— Data extracts —
────────────────────────────────────────

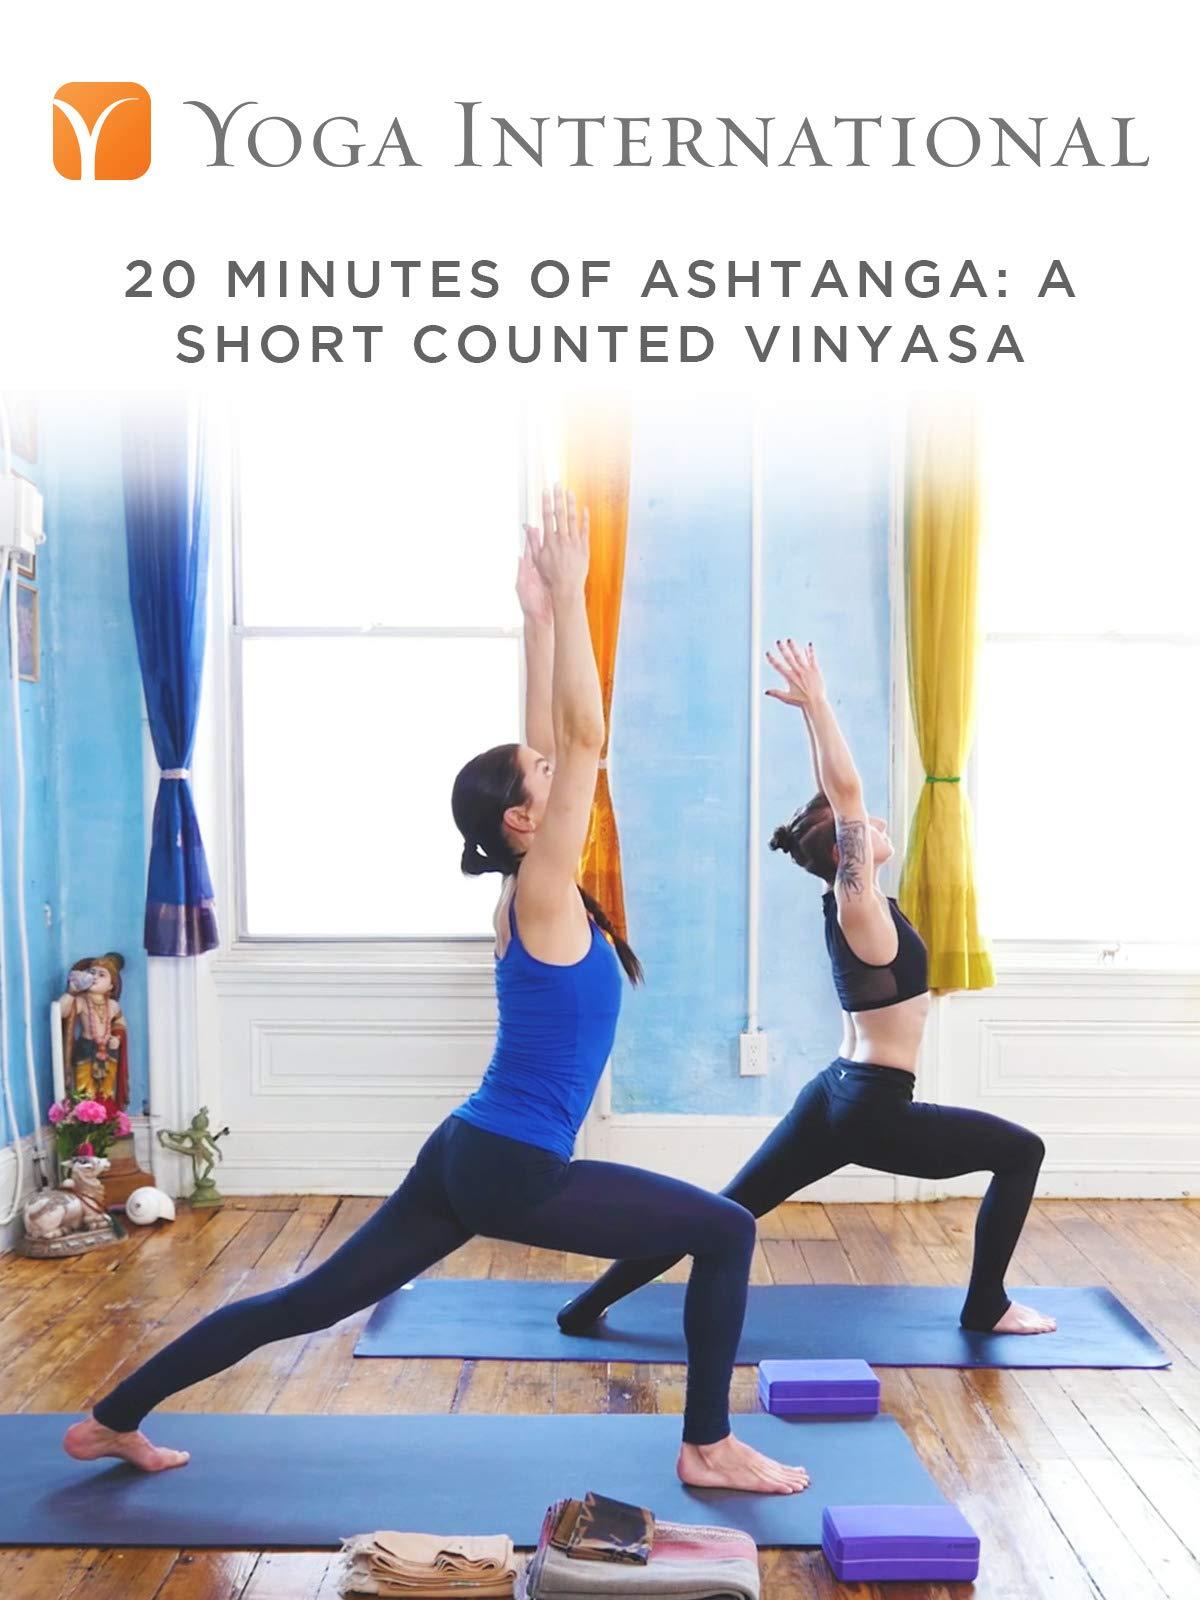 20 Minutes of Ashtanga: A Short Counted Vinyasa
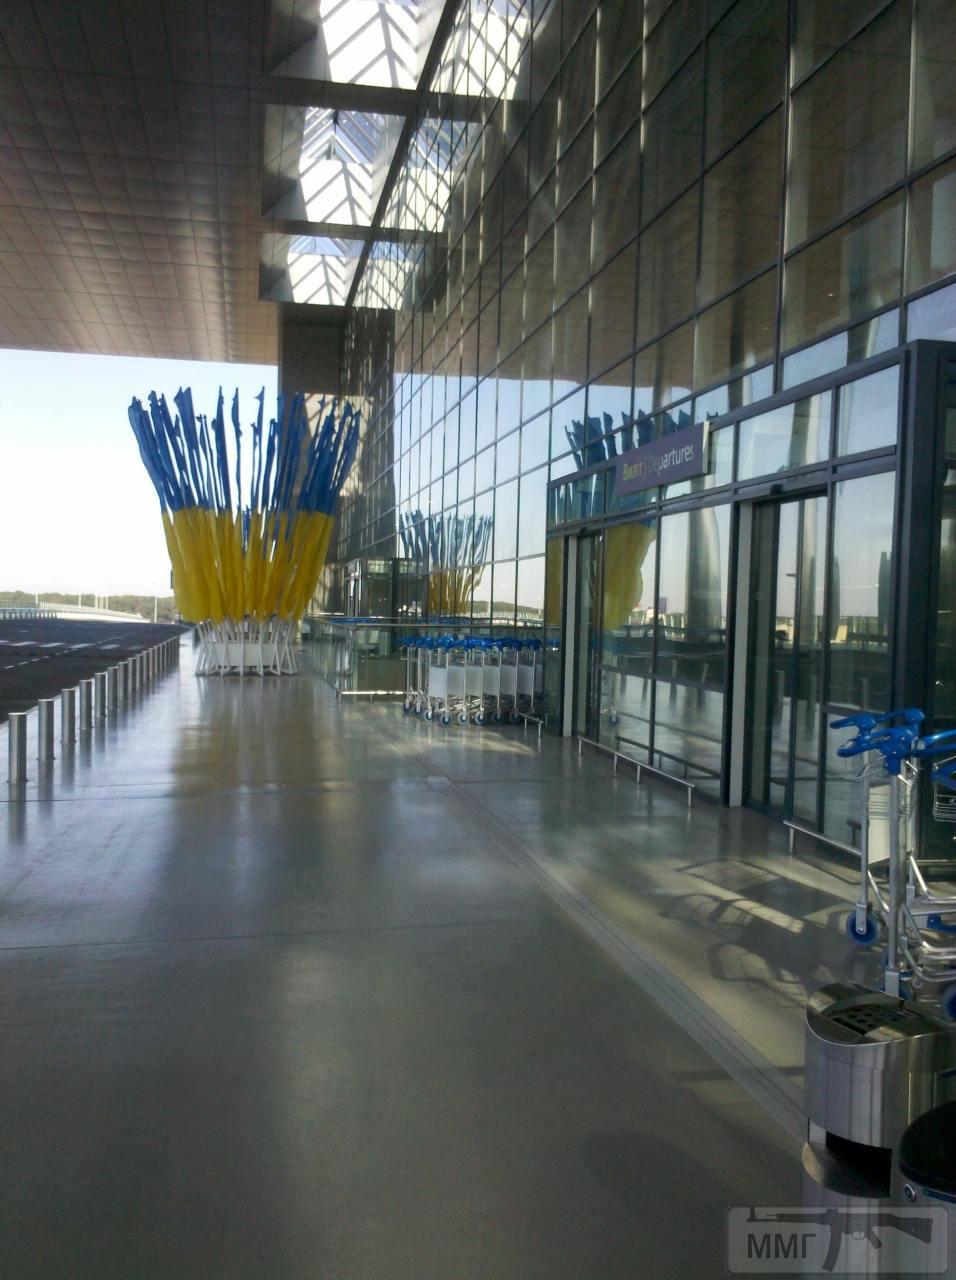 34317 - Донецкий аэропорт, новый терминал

────────────────────────────────────────

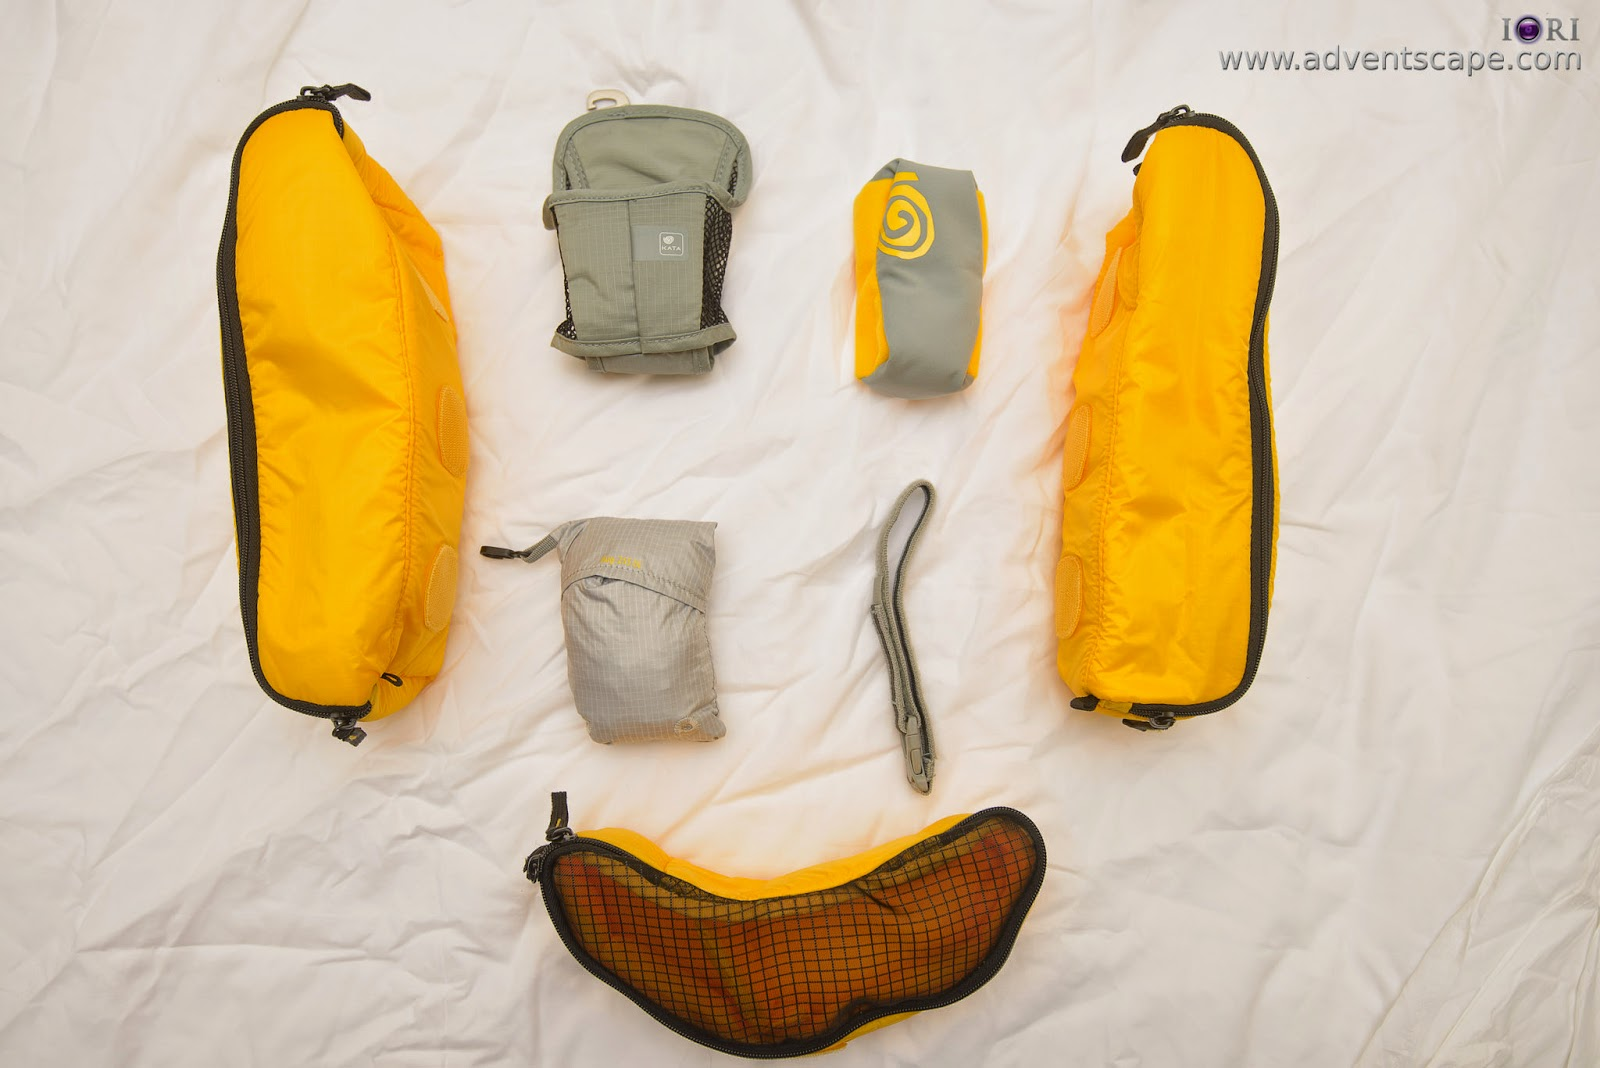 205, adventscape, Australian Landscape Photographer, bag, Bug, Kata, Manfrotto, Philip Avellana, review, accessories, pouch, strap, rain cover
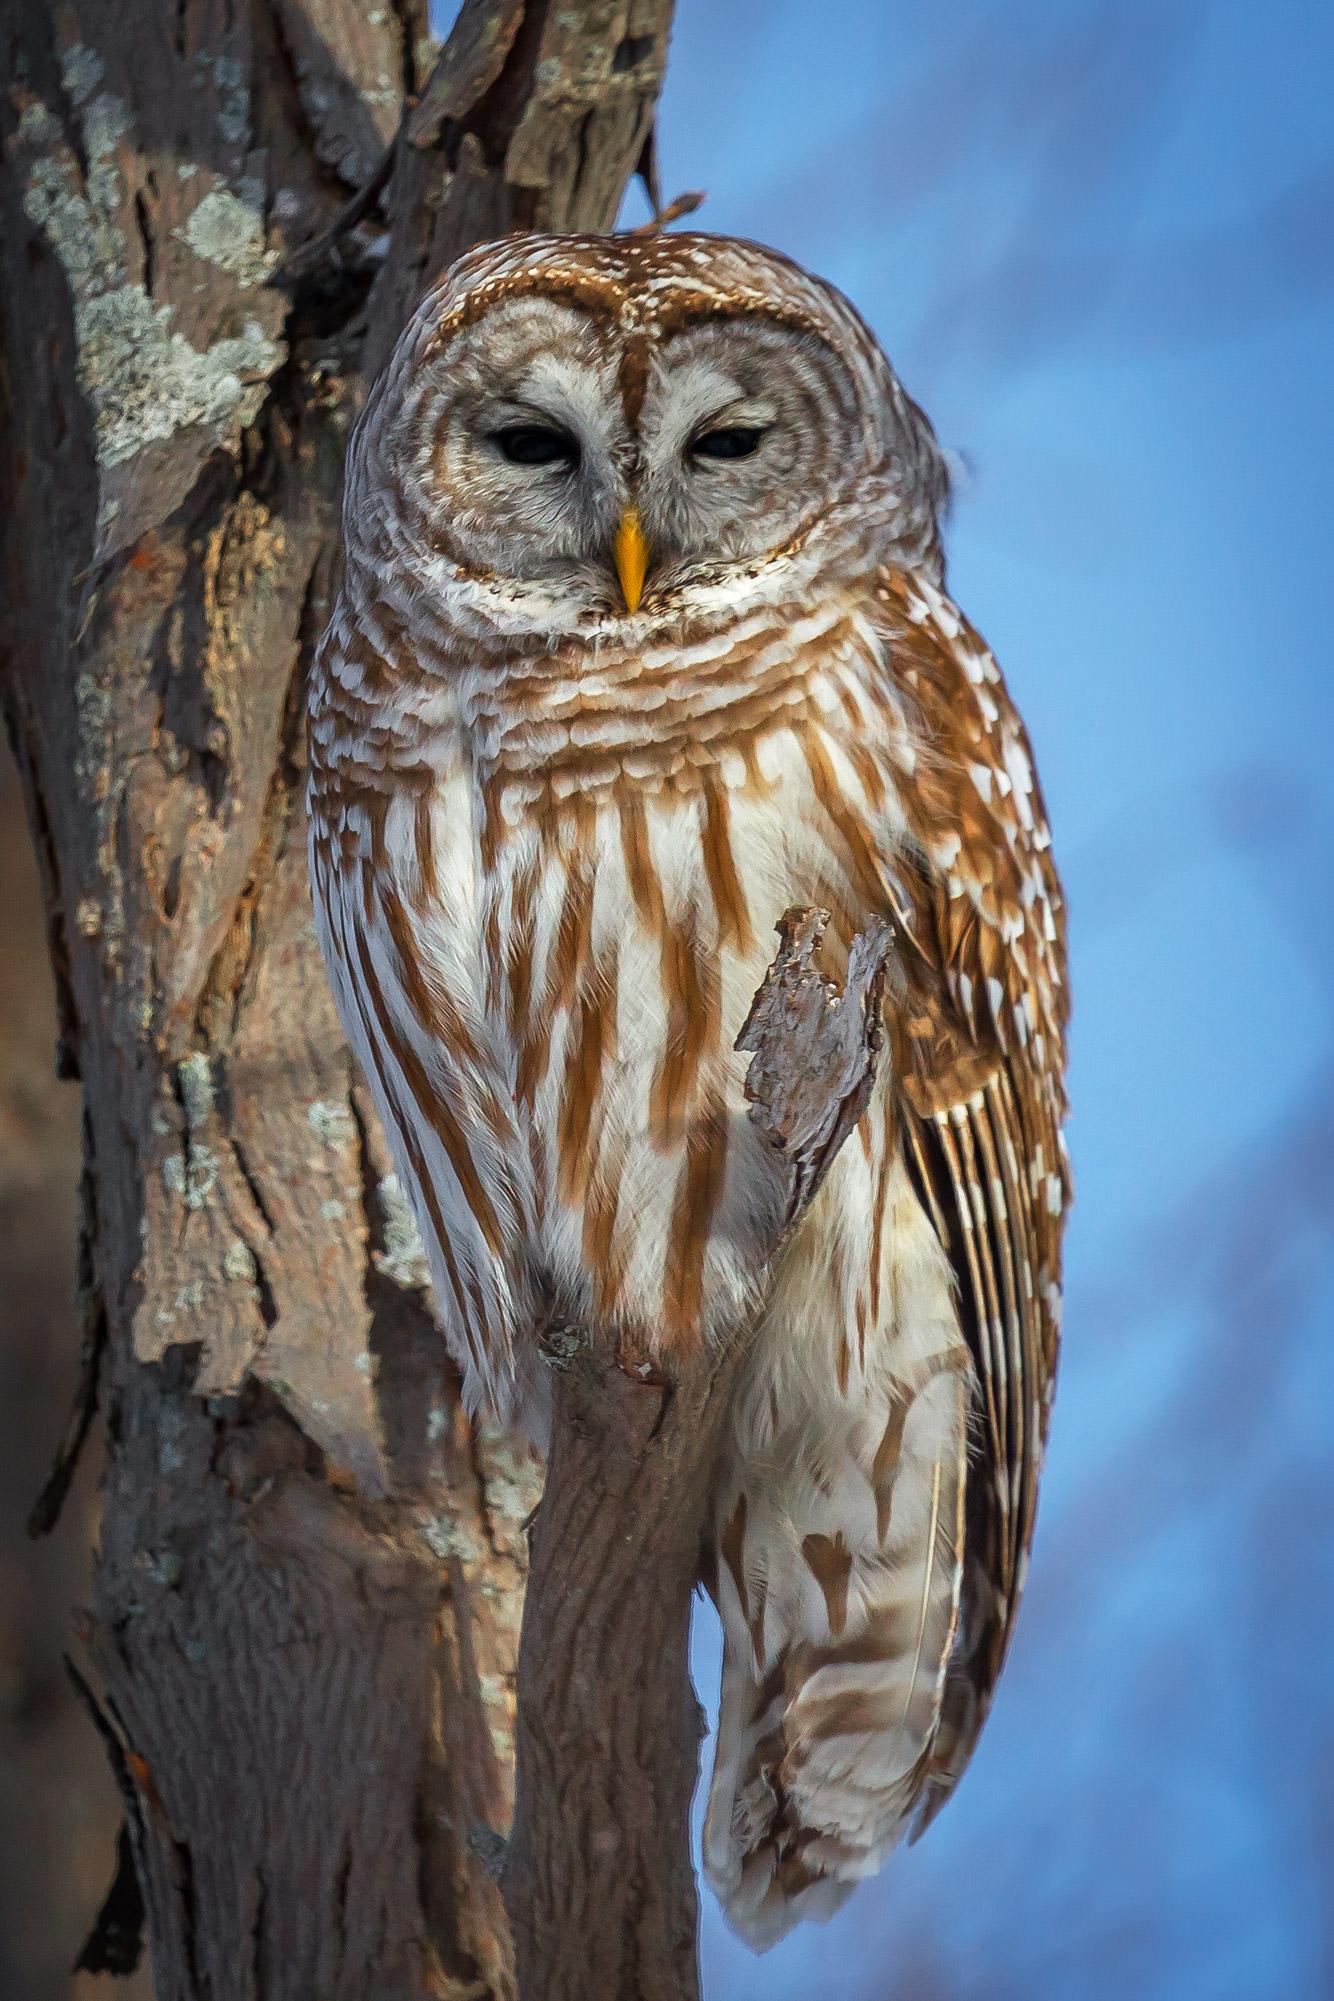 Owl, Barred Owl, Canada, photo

────────────────────────────────────────

— Exercise objective —
Among the entries above, take the lines from the one with "20 Minutes of" through the one with "34317 - Донецкий аэропорт, новый терминал" and retype them exactly, leaving out the pictures.

— Answer to this task —
 20 Minutes of Ashtanga: A Short Counted Vinyasa
 34317 - Донецкий аэропорт, новый терминал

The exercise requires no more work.